Сухой горячий хлебный воздух, смешанный с дымом, ударил его на пороге. Он полным ртом с наслаждением хлебнул этого жара, сласти и горечи и, задыхаясь, согнулся, пополз на четвереньках по земляному прохладному полу к печи. Там, у освещенного густым багровым пламенем устья, сидели на полу Марья Бубенец и мать. Обвязанная старой шалюшкой, в складках и дырах которой застряли соломинки и колосья, сгорбившись, как старуха, мать держала на коленях Ванятку, тупо уставясь на огонь. У Шурки не хватило сил ползти дальше. Марья Бубенец, простоволосая, в расстегнутой, с заплатами, душегрейке, морща кирпичное от жара круглое лицо, ворочала клюкой дрова в печи.
— А — а, явился, молодец… к шапочному разбору, — проворчала она, заметив Шурку, и так ударила клюкой по горящим поленьям, что угли вылетели из печи, заскакали по полу.
Мать взглянула на Шурку и ничего не сказала.

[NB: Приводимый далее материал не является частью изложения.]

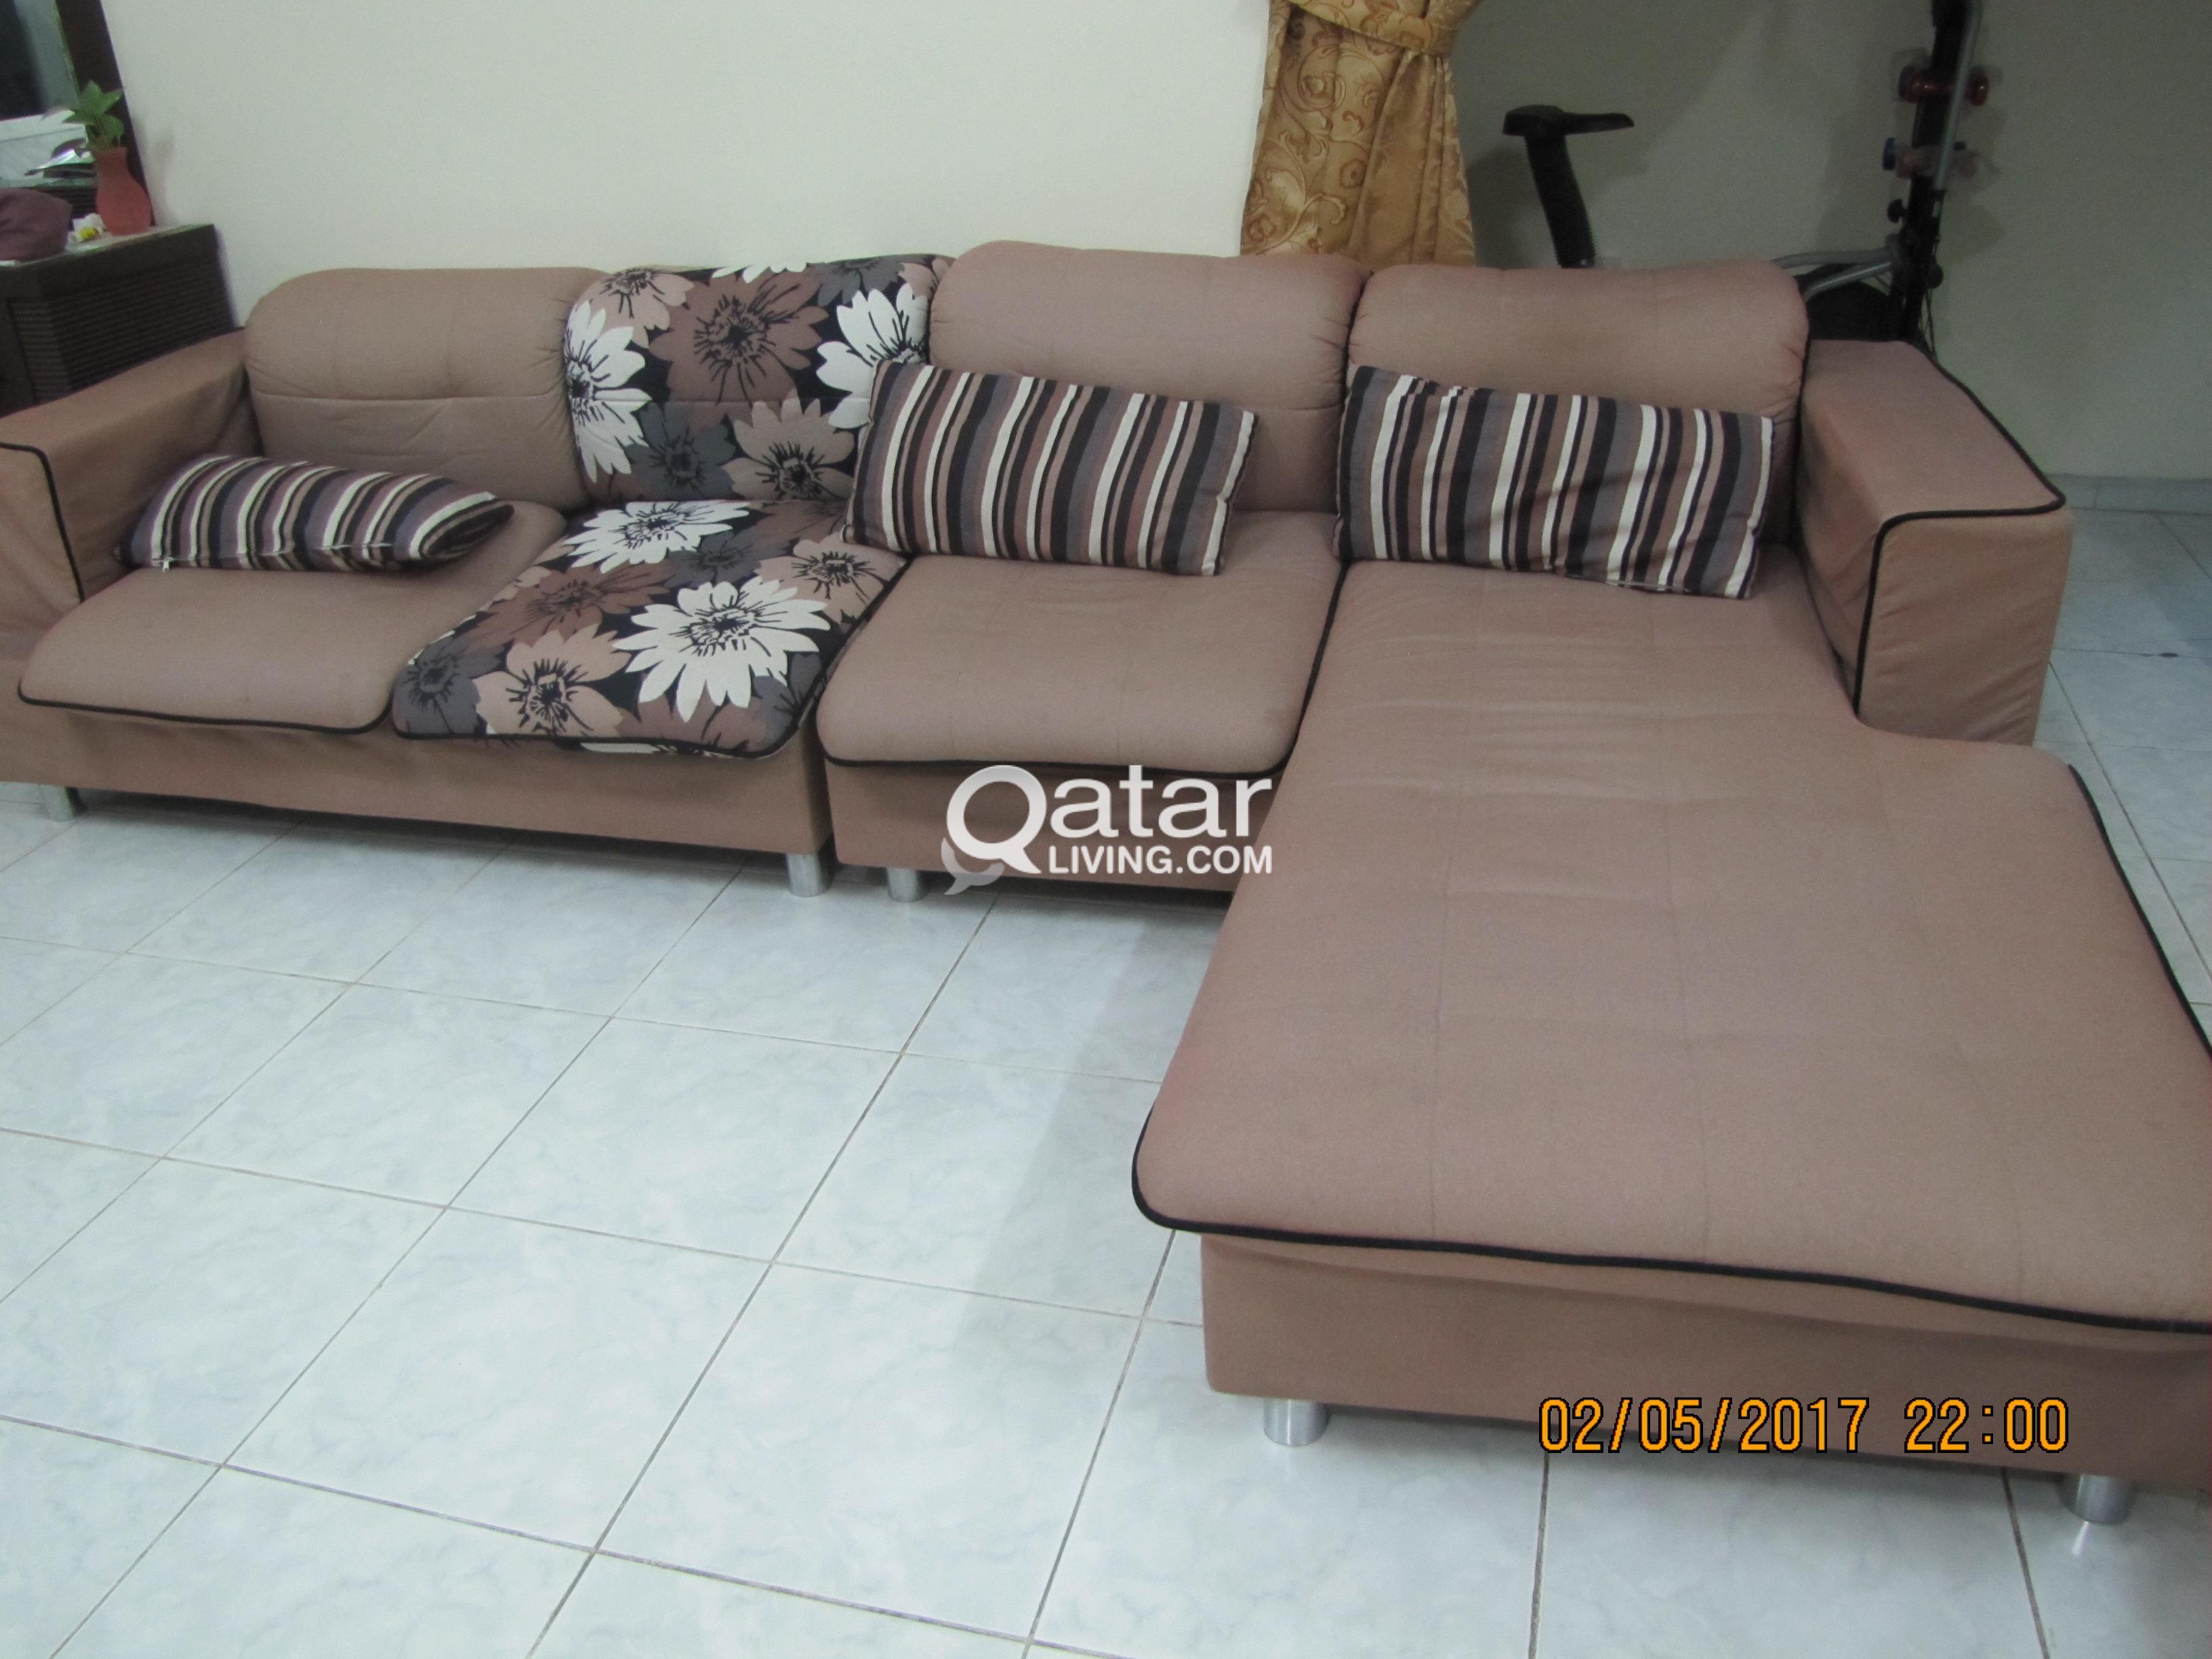 used sofa set for sale | qatar living

Он робко подобрал щепочкой угли, покидал в печь. Отыскал голик и, ползая на коленках, подмел пол, хотя в этом не было никакой надобности. Заметив, что дрова на исходе, сбегал на овинник, притащил большую охапку. И, делая все это, он поглядывал на мать. Ее молчание и радовало и тревожило.
Ванятка сполз с материных колен. Белоголовый, в шапке пушистых волос, как одуванчик, пошатываясь и везя на ногах — палочках мамкины старые валенки, он подошел к Шурке.
— А я калтоску печеную ел… много! — похвастался он, счастливо улыбаясь и протирая кулачком слипающиеся глаза. В кулачке была зажата, как пряник, раздавленная картошина.
Ванятка выпятил под рубашкой живот и похлопал его.
— Эва гола какая. Смотли… камень, — картавил он, позевывая. — Хочес калтосинку, блатик? На!
Шурка погладил Ванятку по голове, заодно утер ему нос и велел управляться самому.
Ванятка разжал кулачок, сыто посмотрел на картошину, вздохнул. Потом, зажмурясь, все‑таки отправил ее в рот. Прислонясь к Шуркиному плечу головой — одуванчиком, он засыпал стоя.
Шурка отвел Ванятку к матери. Осмелев, отобрал у Марьи клюку.
Из открытой двери и незаткнутого оконца тянуло снизу свежестью, можно было, наклонясь, дышать и двигаться. Рига топилась по — черному. Стены обросли копотью, как шерстью. Из горловины и отдушин печи валил дым, облаком плыл к двери и окошку. Когда дымная полоса разрывалась, над головой проступали черные колосники — жерди, настланные редко. В широкие щели виднелась солома. На колосниках, плотно, сноп к снопу, комлями вниз, сушилась рожь.
Хотя дрова еще не прогорели, Шурка скоро притворил дверь, заткнул наполовину окошко соломой.